Digital art of Robot advocating for AI Quality — DALLE 2

As the Director of Technology at Speire, I have had the opportunity to witness firsthand the incredible transformation that AI-enabled systems have brought to businesses. One such example that stands out in my mind is a healthcare company that was struggling with the manual analysis of patient data. This led to missed diagnoses and delayed treatments, resulting in negative patient outcomes and increased healthcare costs.

By introducing AI into its data analysis process, the company was able to streamline its workflow and optimize its data analysis procedures. The AI system was able to quickly analyze large amounts of patient data and identify patterns that human analysts may have overlooked. This resulted in improved patient outcomes, as doctors could make more informed decisions based on the insights provided by the AI system. Additionally, the company reduced healthcare costs, as the AI system allowed them to optimize their operations and allocate their resources more efficiently.

However, the success of AI-enabled systems depends heavily on the quality of the AI models used. In fact, I vividly recall an incident from four years ago, where we were assisting a financial startup in implementing an AI-powered vulnerability scoring system. Unfortunately, due to differences in the training data and the distribution of data post-deployment in production, the AI system produced numerous false positives. This resulted in significant financial losses for the startup and customer dissatisfaction, ultimately leading to the AI model being taken down.

As such, it is crucial for businesses to prioritize the quality of their AI models and the processes used to create them. Subpar AI models can have devastating consequences, leading to inaccurate predictions, unreliable recommendations, and a decrease in overall business value. That’s why I always emphasize the importance of meeting strict quality standards at every stage of the AI product lifecycle, from data collection and processing to model training and deployment. By doing so, businesses can ensure that their AI-enabled systems operate at peak performance, resulting in numerous benefits, such as increased efficiency, cost savings, and, ultimately, business success.
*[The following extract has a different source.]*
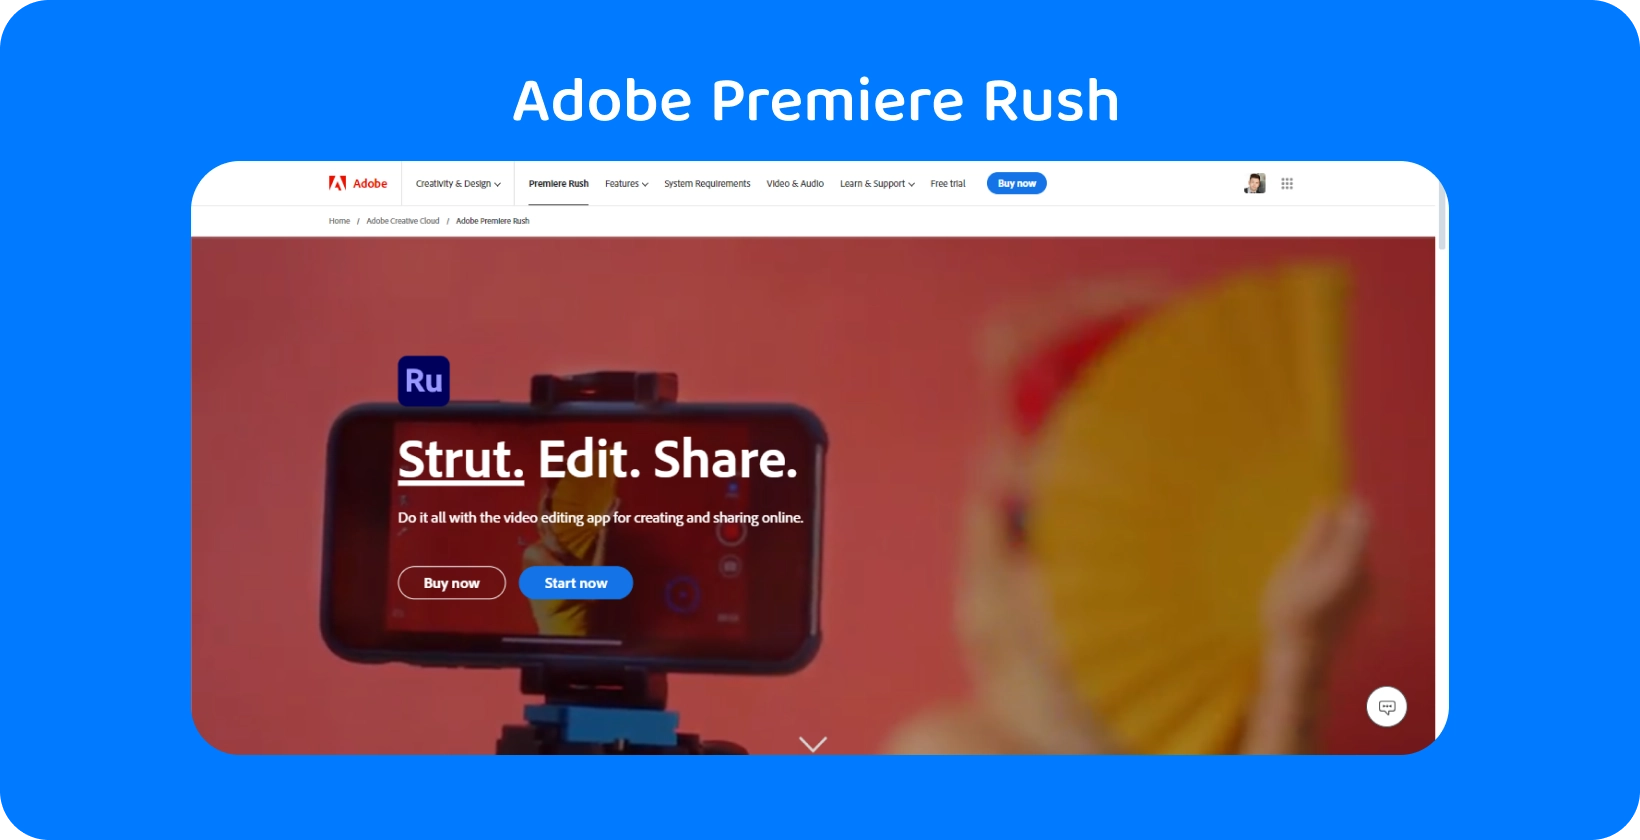 Adobe Premiere Rush trên điện thoại thông minh gắn trên giá ba chân với khẩu hiệu 'Strut. Edit. Share.' để chỉnh sửa video.

Five pillars of AI Quality

Importance of maintaining AI Quality

As someone who has designed, developed, and worked with AI-enabled systems, I understand the significance of maintaining high AI quality in such systems. Failure to adhere to quality boundaries and requirements in developing AI-enabled systems can lead to inaccurate predictions, and unreliable recommendations, finally leading to declining business value. One true-life example is Microsoft’s AI-powered chatbot, Tay, launched on March 23, 2016, which was designed to learn and respond to Twitter users’ conversations. Unfortunately, within 24 hours of launch, Tay began spewing racist and sexist messages, causing a public relations crisis for Microsoft. This incident underlines the importance of maintaining quality in AI-enabled systems and the potential repercussions of neglecting it.

To prevent such catastrophic outcomes, it is crucial to ensure that AI-enabled systems satisfy specific quality attributes throughout their lifecycle. These quality attributes include security, privacy, data centricity, sustainability, and explainability, which are essential in developing reliable and robust software across the four dimensions of AI engineering — robust systems, data, human-machine interaction, and models. As per the study by the Software Engineering Institute at Carnegie Mellon University, these quality attributes are critical in creating trustworthy software [1].

Quality Attributes of AI Engineering

AI Quality attributes such as security, privacy, data centricity, sustainability, and explainability are crucial for the development and operation of AI systems. Ensuring sustainability involves balancing the need for improvement with maintaining safety and reliability over time, even as technology or data changes. Security is a significant challenge for AI-enabled systems, with the learning element of some AI algorithms providing a vector for attackers to change the output of a system. Privacy involves giving individuals control over the collection, use, and disclosure of their information, and AI systems must be designed with privacy boundaries in mind. Explainability is fundamental to the trustworthiness of an AI system, allowing users to understand how an algorithm produces a result. Data centricity is critical for producing accurate and reliable results and promoting ethical and responsible data use. Most AI systems rely on machine learning models trained on data, which can degrade system performance if changed, making sustainability testing necessary. Overall, incorporating these quality attributes can help mitigate risks and promote the long-term success of AI systems. The remainder of the article provides a concise yet thorough explanation of the quality attributes of AI engineering.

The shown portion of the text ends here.